OLBERMANN: Now, just as last night, the facts not even close to backing up the bluster. According to the folks at Pulitzer Prize-winning PolitiFact.com, the health care reform legislation being discussed in the house leaves in place the status quo on illegal immigration - meaning that no benefits specific to illegal immigrants would be provided under the new plan. The White House is reiterating today that undocumented immigrants would not be allowed to buy into the public exchange.

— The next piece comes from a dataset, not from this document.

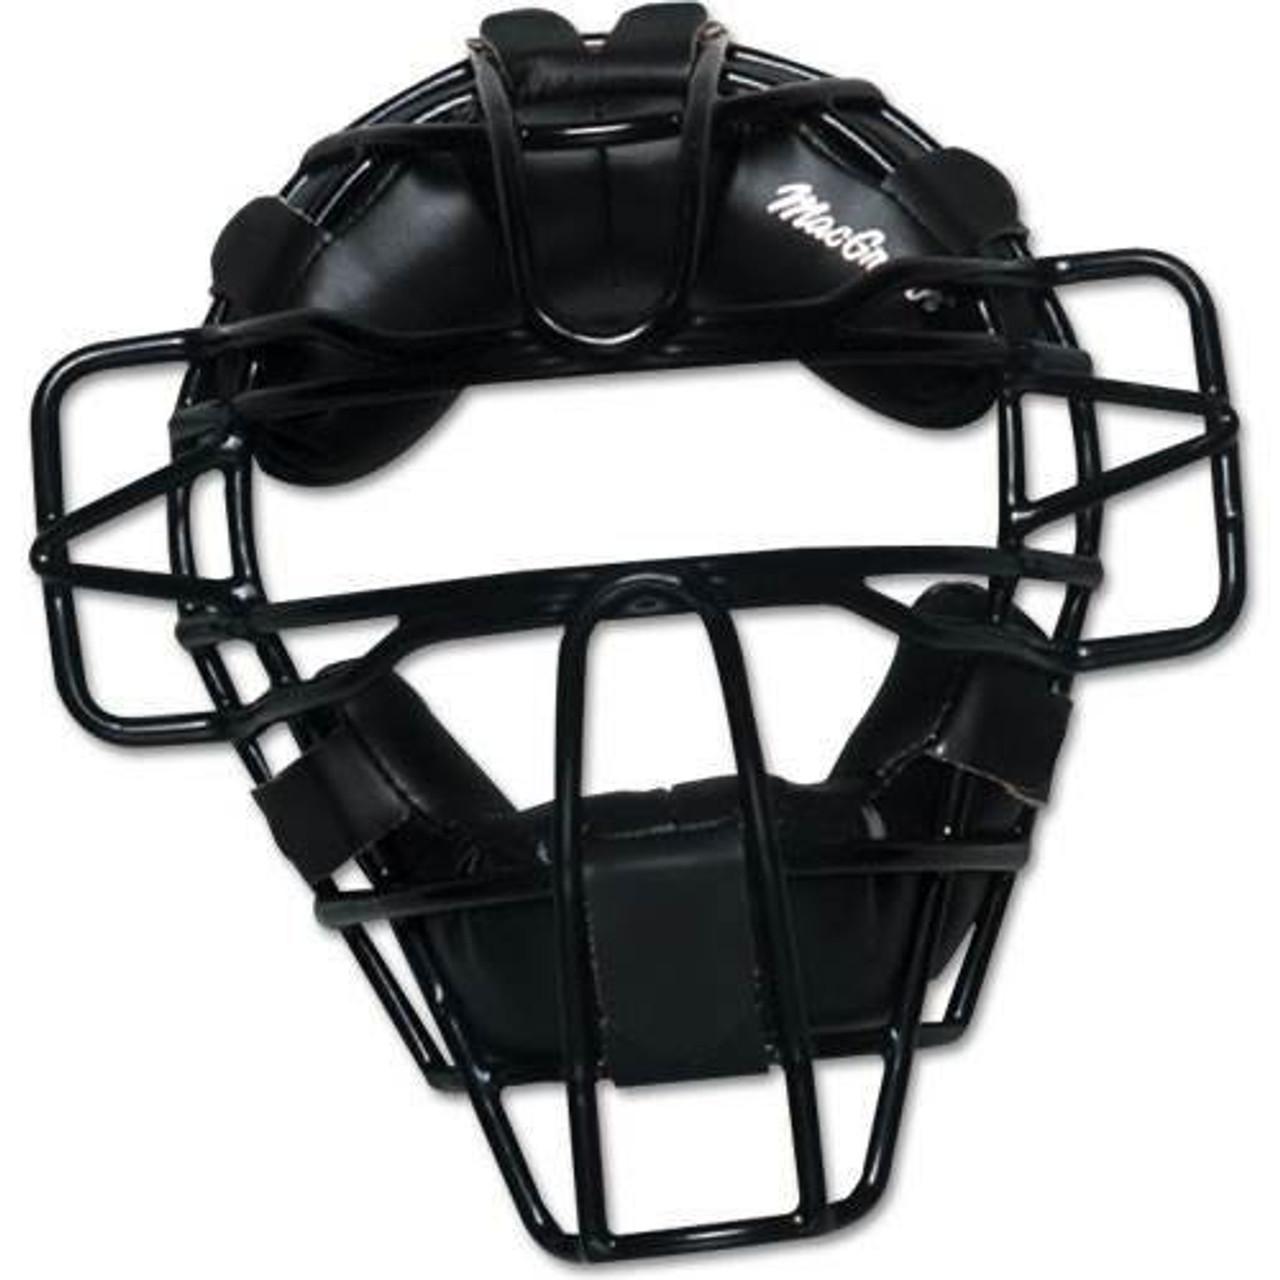 MacGregor #B29 Pro 100 Mask for baseball or softball umpire

A broader point perhaps and more relevant: the president was not discussing two amendments in one bill, making its way through the House. He was outlining the entire plan as it will look once it reaches his desk.

We rejoin Congressman Wilson with possibly the most relevant sound bite of a long day.

(BEGIN VIDEO CLIP)

WILSON: It was spontaneous. It was when he stated, as he did, about not covering illegal aliens when I knew he had those two amendments. And I say that respectfully.

(END VIDEO CLIP)

OLBERMANN: Frankly, sir, you don't know what that latter word means, respect being something that a colonel in the reserves would have for his commander, let alone his commander-in-chief. Colonel Joe Wilson of the South Carolina National Guard Reserve having breached military protocol on top of everything else. Republican Congressman Wilson apparently at liberty to abandon respectful conduct, his leadership today backing him up by insinuating that the president did, in fact, lie in last night's speech.

(BEGIN VIDEO CLIP)

REP. JOHN BOEHNER (R), MINORITY LEADER: Thirdly, he said illegal immigrants wouldn't get benefits. H.R. 3200 does not contain any restrictions on non-citizens participating in and paying for coverage available through the exchange, whether the non-citizens are illegally or illegally present or in the United States temporarily or permanently.

(END VIDEO CLIP)

OLBERMANN: This is a health care reform debate. If you want to have an immigration reform debate, wait your turn and tell your side that what you are asking is that every person in this country who seeks medical attention in a hospital in the United States, including native-born Republicans, would have to present proof of birth every time. In other words, you want national identity cards to be checked and rechecked and - faked?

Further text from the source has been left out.